Imaging Luminescence Thermometry to 750 °C for the Heat Treatment of Common Engineering Alloys and Comparison with Thermal Imaging

Accurate temperature measurements are critical in manufacturing, affecting both product quality and energy consumption. At elevated temperatures, non-contact thermometers are often the only option. However, such instruments require prior knowledge of the surface emissivity, which is often unknown or difficult to determine, leading to large errors. Here we present a novel imaging luminescence thermometer based on the intensity ratio technique using magnesium fluorogermanate phosphor, with the potential to overcome this limitation. We describe measurements performed on a number of engineering alloys undergoing heat treatment at temperatures of up to 750 °C and compare these measurements against a traditional contact thermocouple and thermal imager system. Agreement between the luminescence and embedded thermocouple temperatures was found to be better than 45 °C at all temperatures. However, the thermal imager measurement on the bare metal samples, with the instrument emissivity set to 1.0, showed differences of up to 500 °C at 750 °C, a factor of 10 larger. In an effort to improve the thermal imager accuracy, its instrument emissivity was adjusted until its temperature agreed with that of the thermocouple.

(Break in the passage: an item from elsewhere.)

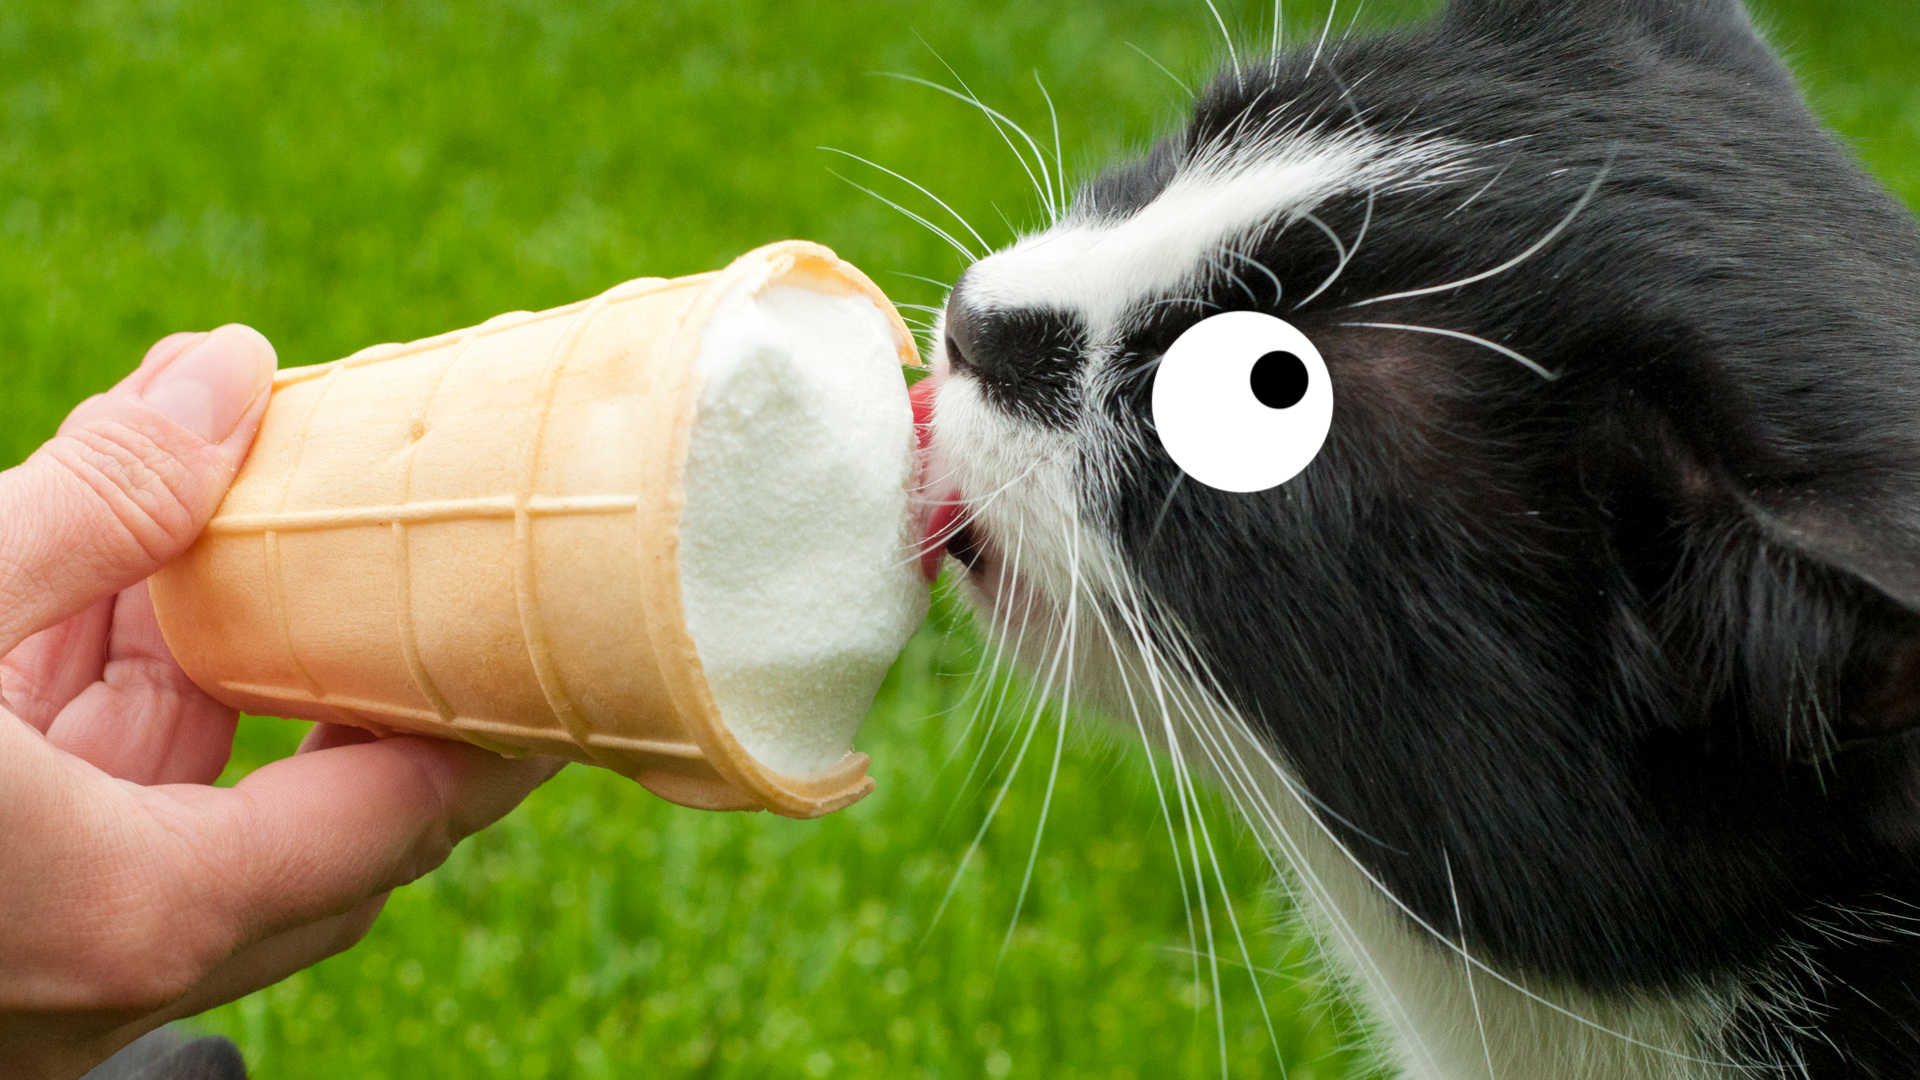 A cat licking an ice cream

When measuring on the bare metal, the effective emissivity was strongly sample dependent, with mean values ranging from 0.205 to 0.784. Since the phosphor derived temperatures exhibited substantially smaller errors compared to the thermal imager, it is suggested that this method can be used to compliment the thermal imaging technique, by providing a robust mechanism for adjustment of the instrument emissivity until agreement between the thermal imager and phosphor thermometer is obtained.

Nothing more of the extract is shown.